The film was based on a script by Gerald Ayers, who was better known at the time for being a producer of such films as The Last Detail and Cisco Pike . He decided to move into screenwriting and had written what would become Rich and Famous before writing Foxes. [3]
Ayers says he started with the question, "What would happen if you dropped Louisa May Alcott into the San Fernando Valley today? She would have a different story to tell." [4]
He pitched the concept to Twentieth Century Fox who agreed to develop a script. Ayers went out and interviewed "around 40 girls" starting in March 1977 and finished a first draft by November 1977. "It isn't so much a duplication of the characters in Alcott as it is suggested by them," said Ayers. "Beth for example instead of being introverted has become quite extroverted." [4]
The original title was Twentieth Century Foxes. Fox passed on the script and the project wound up with producer David Puttnam, who had a deal with Casablanca Pictures, for whom he had made Midnight Express . Puttnam said "When I first came out here [Los Angeles] I was fascinated by Beverly Hills teenagers, particularly with the problem of suicide. Gerry's script doesn't deal with that but it does touch on a lot of contemporary issues." [4]
Casablanca agreed to finance under its deal with United Artists. Filming began on October 16, 1978, and wrapped in January 1979. [4]
The film was the feature directorial debut from Adrian Lyne. Producer David Puttnam had enjoyed success hiring debutant directors with a background in TV commercials (Ridley Scott, Alan Parker, Hugh Hudson) and that is where Lyne came from. [5]
Foxes grossed $7.5 million domestically. [6] On the review aggregator website Rotten Tomatoes, the film holds an approval rating of 70% based on 10 reviews, with an average rating of 5.9/10. [7]
Film critic Roger Ebert gave the film a positive review, writing:
The movie follows its four foxes through several days and several adventures. It's a loosely structured film, deliberately episodic to suggest the shapeless form of these teenagers' typical days and nights. Things happen on impulse. Stuff comes up. Kids stay out all night, run away, get drunk, or get involved in what's supposed to be a civilized dinner party until it's crashed by a mob of greasers.

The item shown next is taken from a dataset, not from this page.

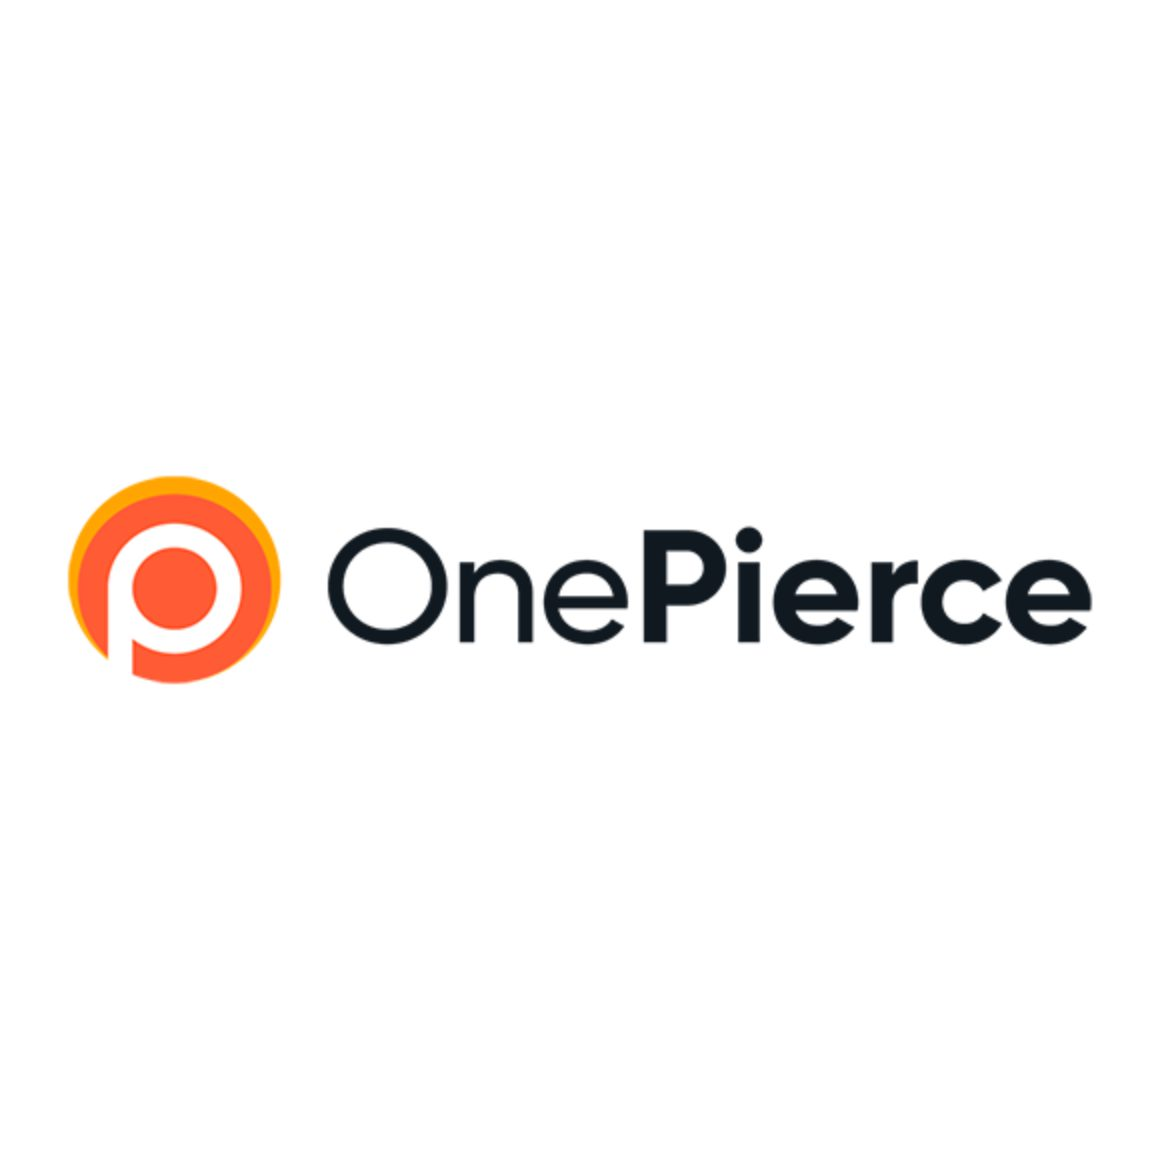 One Pierce logo

The subject of the movie is the way these events are seen so very differently by the kids and their parents. And at the heart of the movie is one particular, wonderful, and complicated parent-child relationship, between Jodie Foster and Sally Kellerman. They only have a few extended scenes together, but the material is written and acted with such sensitivity that we really understand the relationship. [8]
Foxes was released in a Region 1 DVD by Metro-Goldwyn-Mayer on August 5, 2003. A Blu-ray edition of the film was released by Kino Lorber on January 15, 2015.